An affiliate of the company behind collapsed stablecoin TerraUSD on Monday said it had spent the bulk of its reserves trying to defend its dollar peg last week and would use what little remained to compensate some users who had lost out.
The token's crash last week sent cryptocurrencies tumbling, a slide that resumed on Monday, as bitcoin gave up the gains it had eked out over the weekend to trade just below $30,000.
Cryptocurrency markets were rocked by the spectacular collapse of TerraUSD, a so-called stablecoin which lost its 1:1 dollar peg. TerraUSD was trading around 5 cents at 1647 GMT on Monday, according to CoinGecko pricing.
Luna Foundation Guard (LFG), a Singapore-based non-profit organisation designed to maintain TerraUSD's price, had been building large reserves of cryptocurrencies - including over 80,000 bitcoin - to support the peg. The value of the reserves hit $4 billion on May 3, according to LFG data.
But LFG said in a series of tweets https://twitter.com/LFG_org/status/1526126719874109440? on Monday that it had spent the majority of its bitcoin last week in a failed attempt to prop up TerraUSD as it collapsed.

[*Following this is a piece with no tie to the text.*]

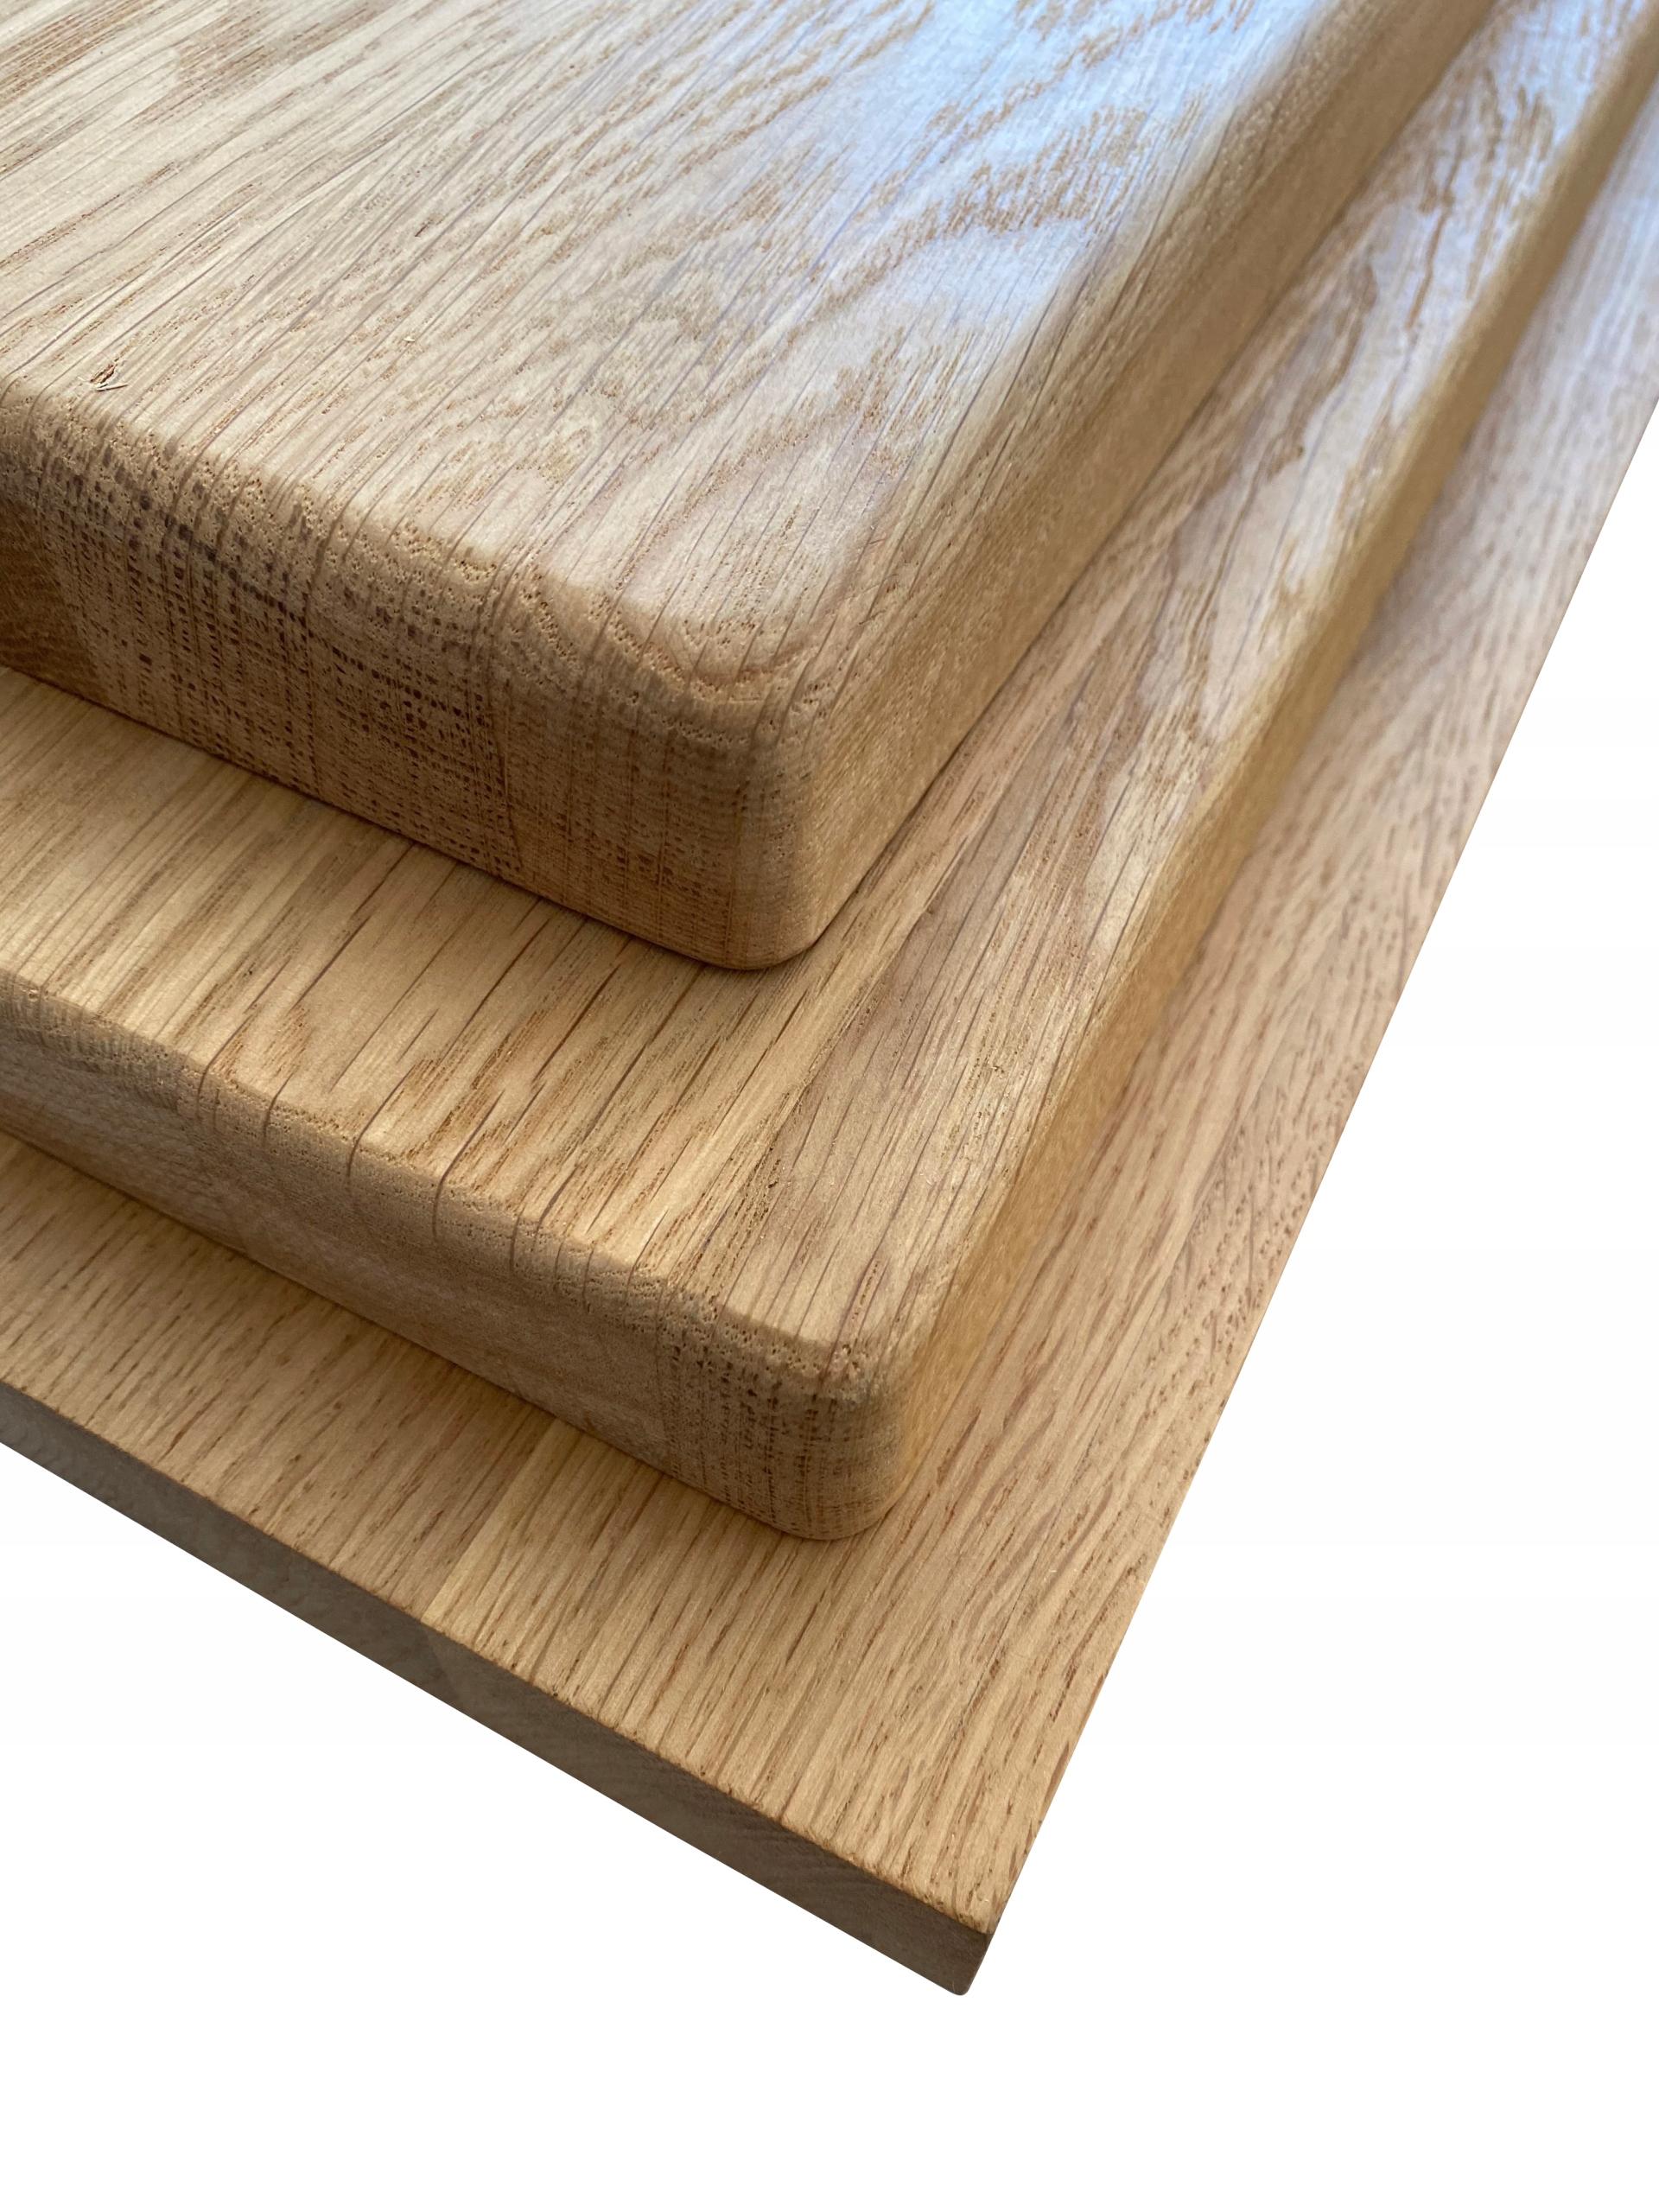 Drewniany Parapet Dab Bez Sekow 100x22cm Gr 2 Cm 9338920281 Allegro Pl
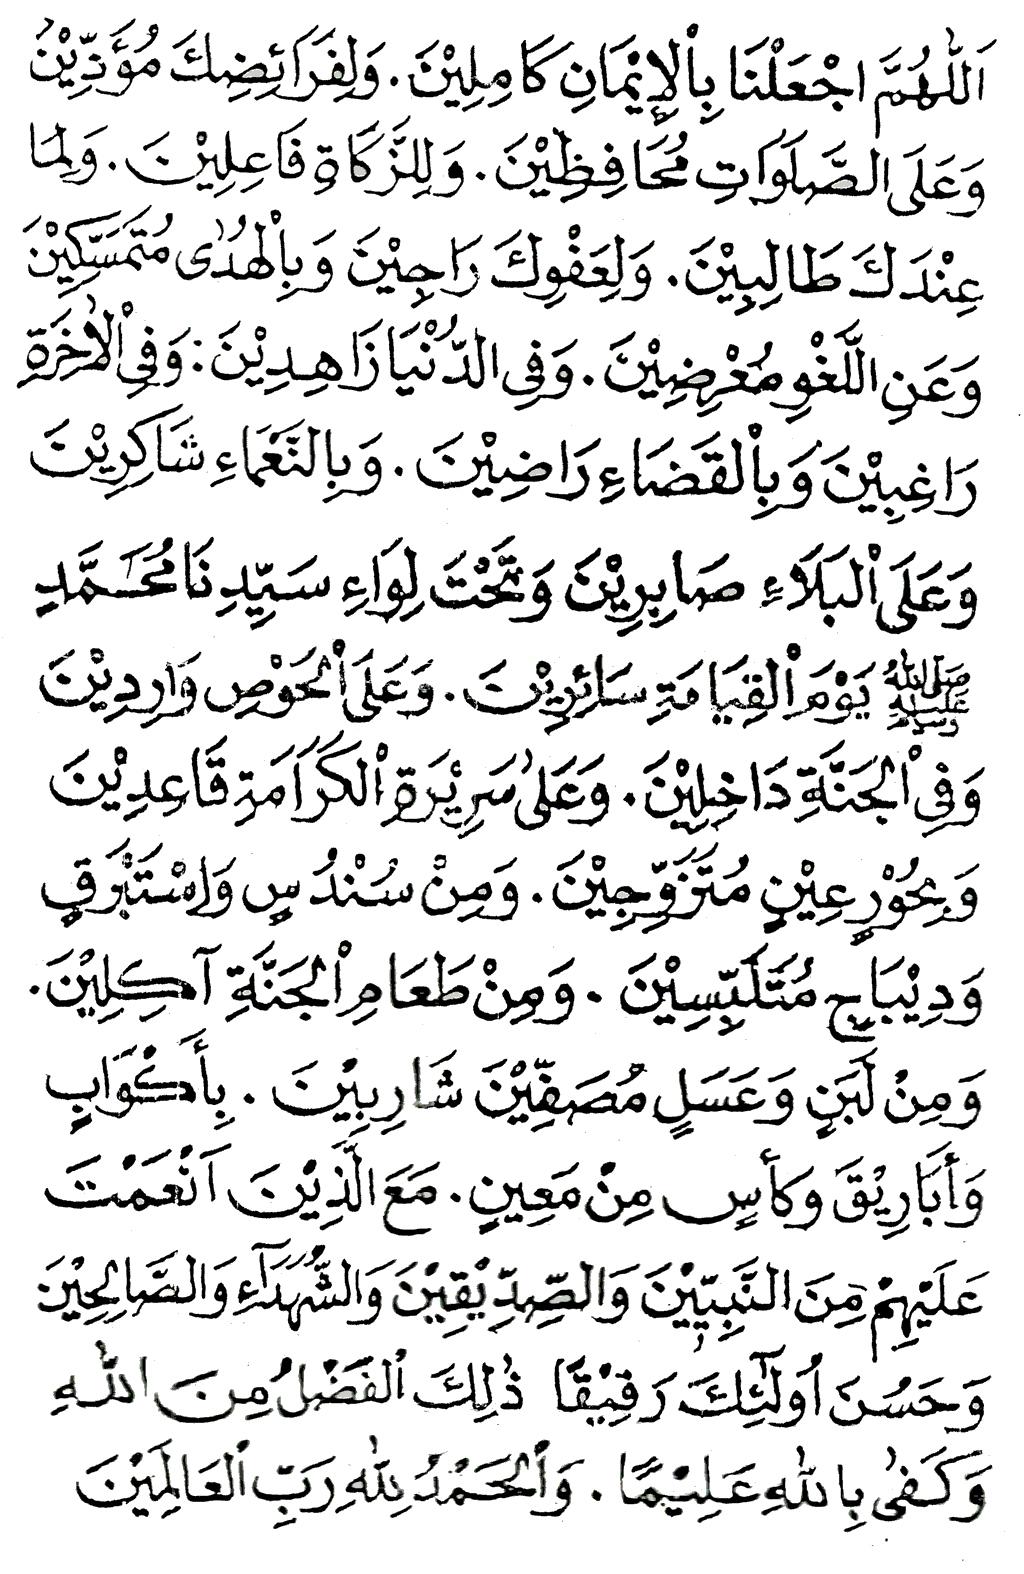 Doa Witir Setelah Sholat Tarawih : witir, setelah, sholat, tarawih, Setelah, Sholat, Tarawih, Beserta, Artinya

Now, LFG said, it would use what little reserves it had left to compensate remaining users of TerraUSD, starting with the smallest holders, though it had yet to decide the best method of doing so.
But the remaining coins in the reserve were worth just under $90 million on Monday, according to LFG's data.
Holders of the TerraUSD coin and a linked token, luna, collectively lost around $42 billion in the last week, according to blockchain analytics firm Elliptic.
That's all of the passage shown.